All the stills the producers released were from the few minutes of combat scenes; most of the movie is spent bashing prisoners, in court martial, or buried in introspection.
It is a troubling film, in the mid-2000s genre of bad “westerners abusing prisoners” films that Hollywood revisited in Zero Dark Thirty. It is promoted as “ripped from the headlines,” which it is not, particularly; so we’re quite disinclined to like it, and we found it disturbing and tendentious.
But. But… what kind of a “but” can we possibly offer now? Only this: it is a powerful film with bold characters and themes, even if its underlying messages: (1) that British soldiers are bigger monsters than Middle Eastern terrorists; and (2) that the biggest monsters go unpunished — are rebarbative. As a drama it is strong and gripping, the writing is taut and the characters are fully drawn, at least, the British characters. (The Iraqi characters are essentially props in this British morality play). Because the characters are a detestable bunch, it’s not an enjoyable movie. So it is, at once, a strong and compelling movie, and one that is an ordeal to sit through.
The essence of the story is this: a group of seemingly ordinary British squaddies (in the fictitious Northdale Regiment) are deployed to Basra, Iraq. They face an incomprehensible populace, in which hostile elements move invisibly. They want to shoot back, but have no targets. When they’re finally engaged by small arms fire, it’s shocking. Several soldiers are ineffective for one reason or other; one freezes at the wheel of an immobilized Land Rover. A popular officer tries to get him off the X, but an RPG takes both of their lives.
Later, they get a tip that the insurgents involved in that contact resided in a particular village. They seize several men from the village, and hold them in their camp; the military police are delayed in picking them up, and a sergeant suggests that they give the Iraqis a thrashing. The reluctant soldiers manage to peer-pressure themselves into doing it, with one sensitive, introspective boy needing to be bullied into it. But in the end, they all beat the Iraqis.
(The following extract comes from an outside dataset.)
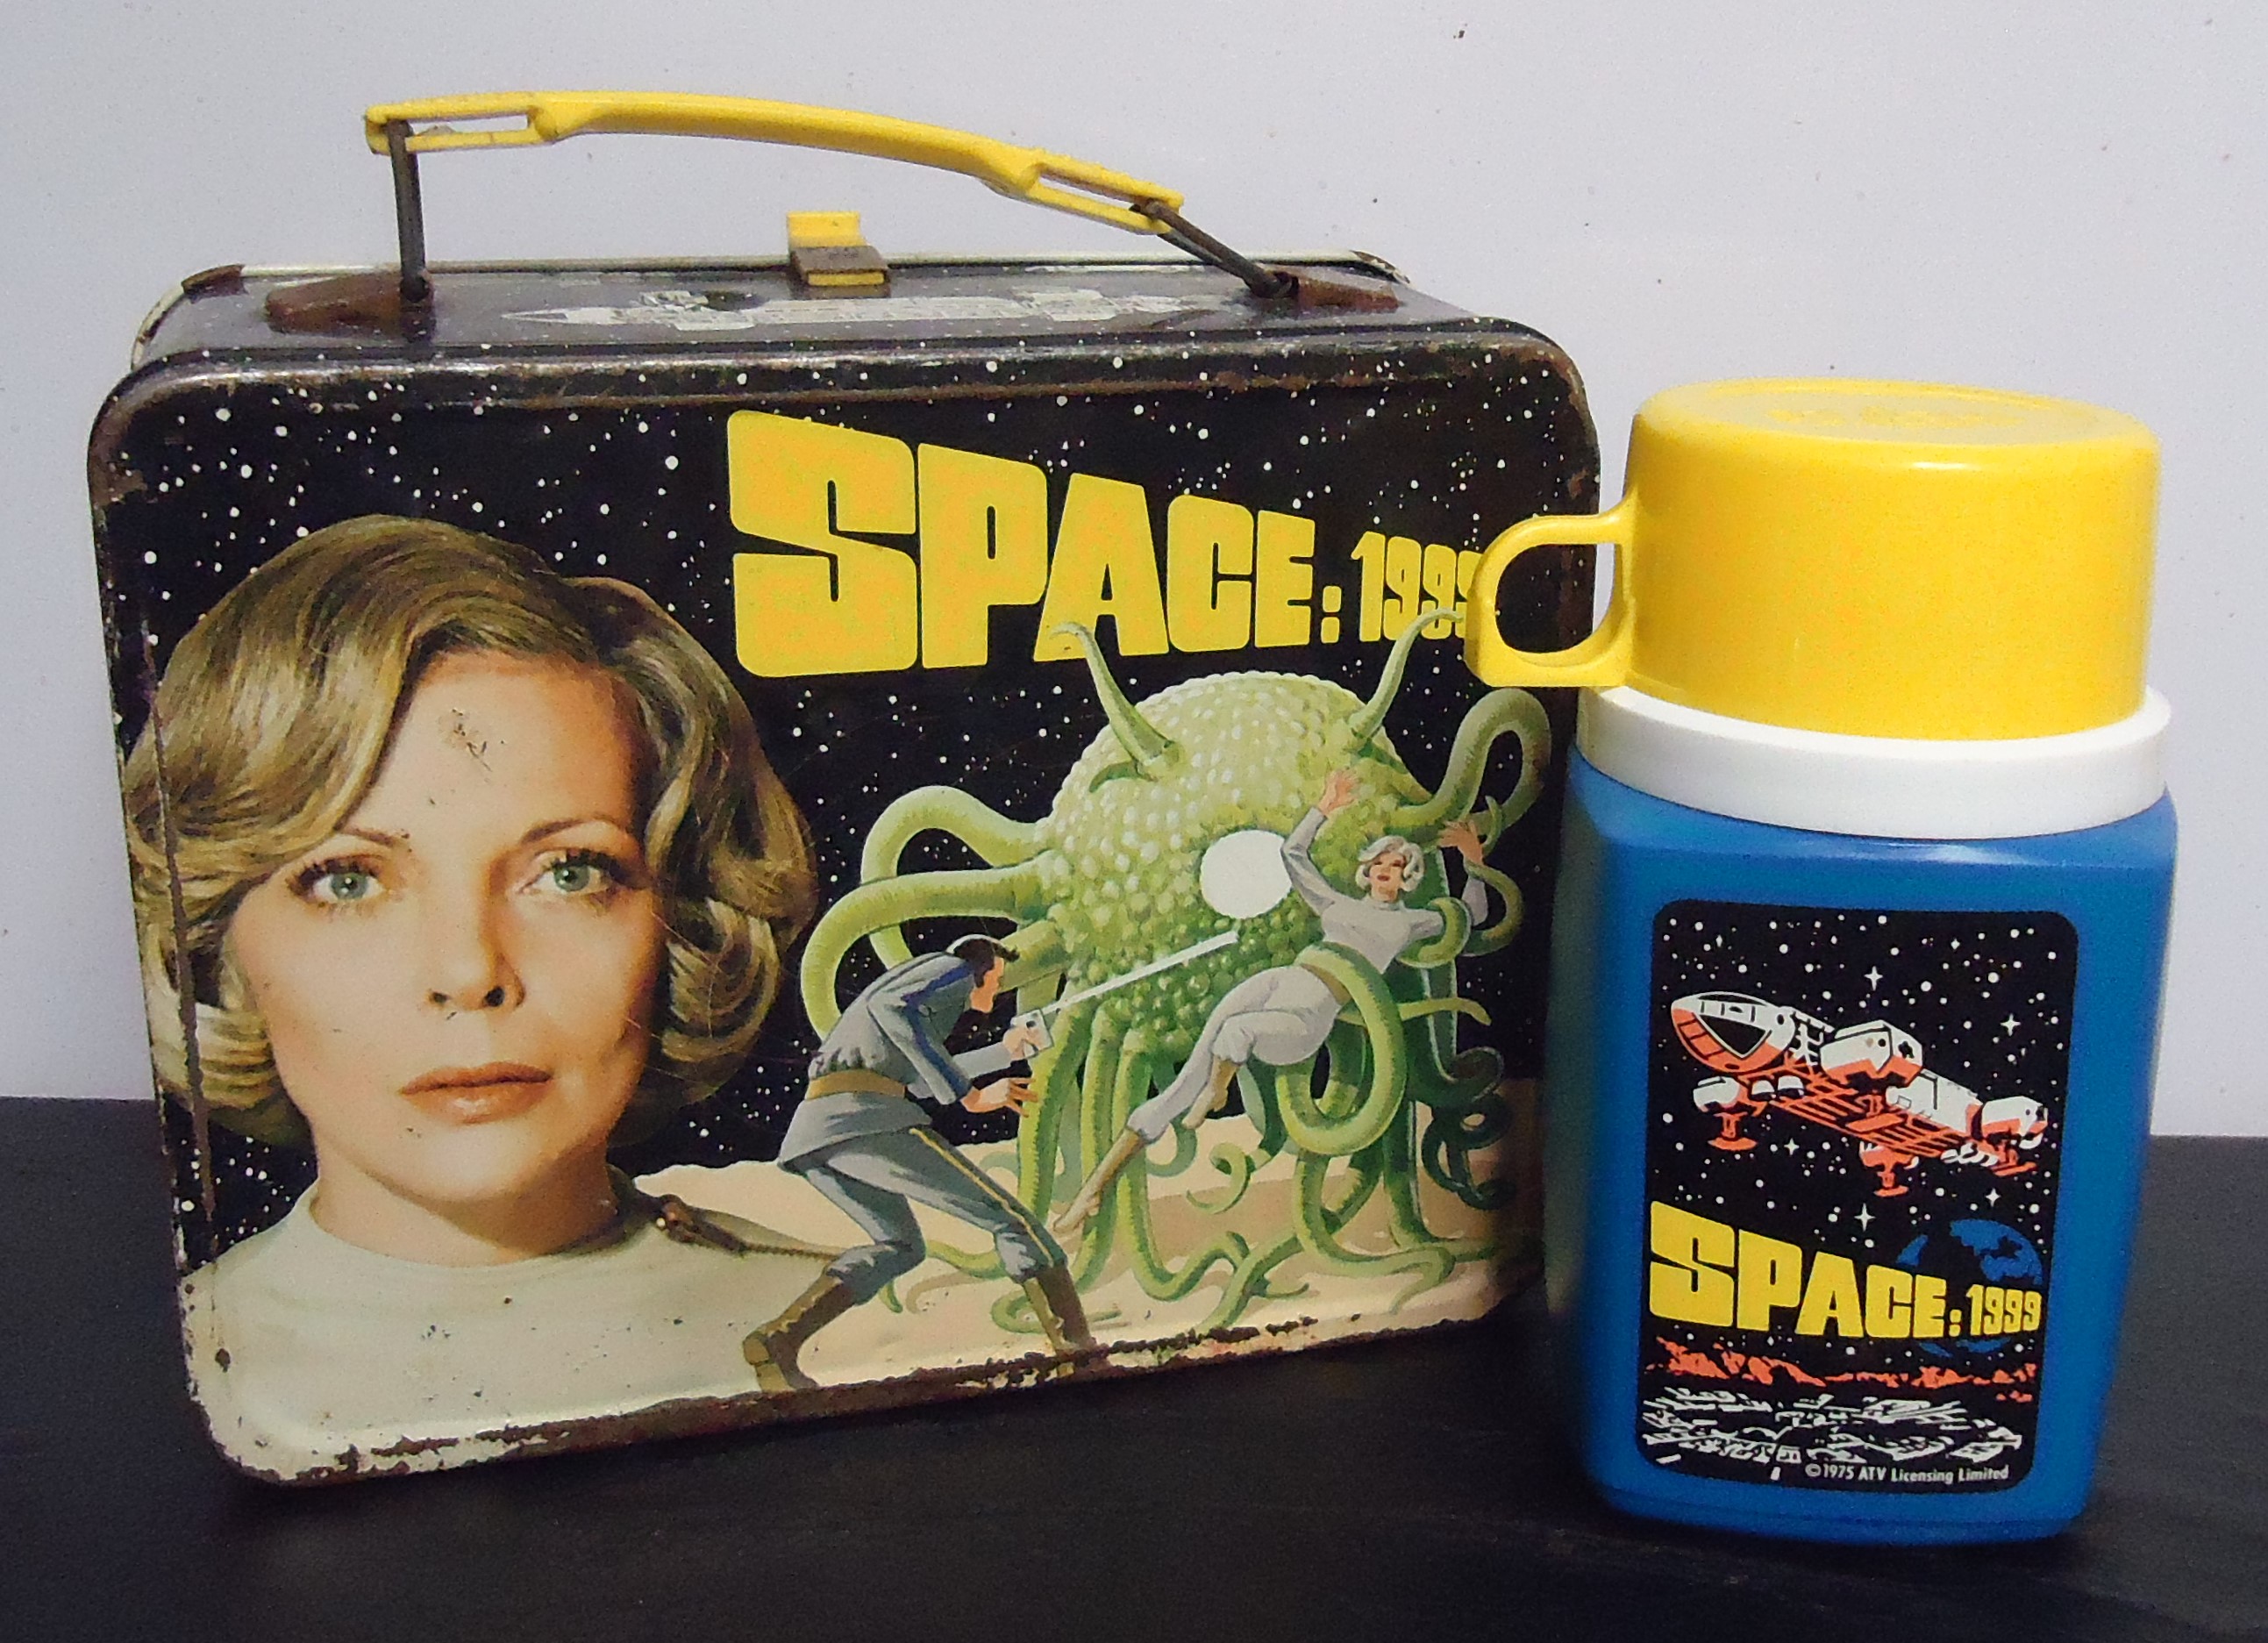 (2G) "Space: 1999" Metal Lunch Box 
W/ Thermos
$58.00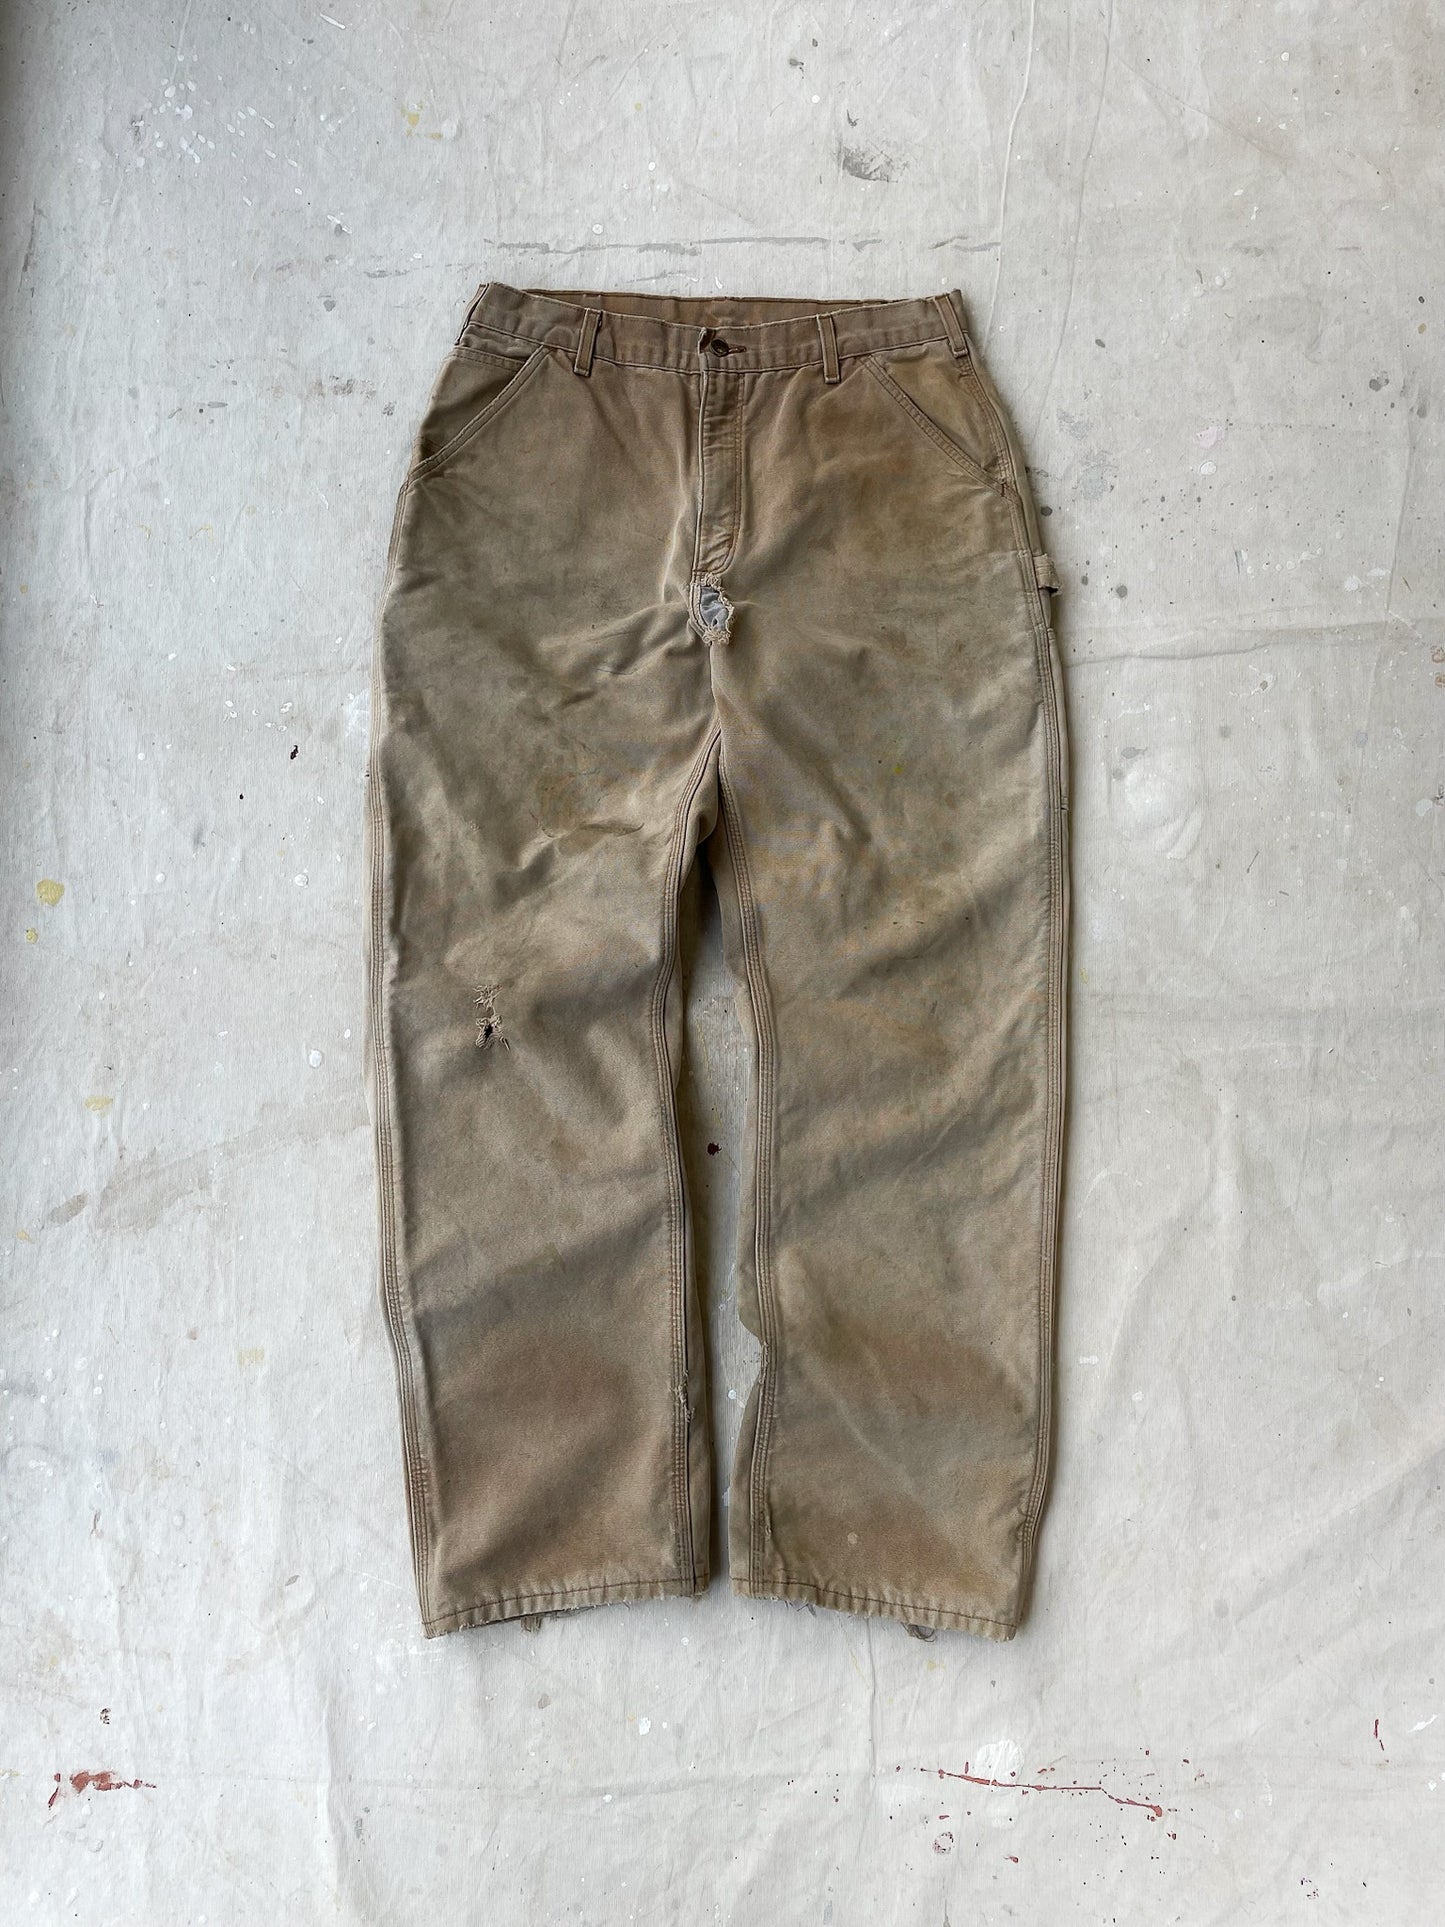 Carhartt Flannel Lined Pants—[36x34]

And that would have been the end of it… if one of them hadn’t taken pictures. After they return from the depoyment, an ex-girlfriend releases the pictures, and all hell breaks loose. The officers and NCOs circle the wagons. The sergeant instigator is not in any of the incriminating photos; he’s in the clear. The soldiers who were proceed to court martial.
One, in particular, the same guy who had to be dragooned into it in the first place, takes it very hard. He obsesses about the Mark of Cain, and about the way, in his case, loyalty trumped moral courage. He finally acts on the understanding he reached, and then another one of the squaddies confesses to the crime and enumerates what everyone else did, too. The film ends tragically for everyone — including the viewer.
The weapons and equipment the British troops display seem generally correct; we did think the combat vehicles were old, lightweight stuff that might have been more fitting in a movie set in South Armagh in 1972. The rifles and LMGs looked right. Of course, we’re not British troopies, so we might be missing something. The combat scenes are quite short vis-a-vis the movie’s overall length.
So we have finally reached the end of the review, and a bottom line is needed. We have to say, we suppose we are glad we watched the movie, but we won’t watch it again, and won’t make a habit of recommending it. We’re as ambivalent about it, then, as we were some 800 words ago.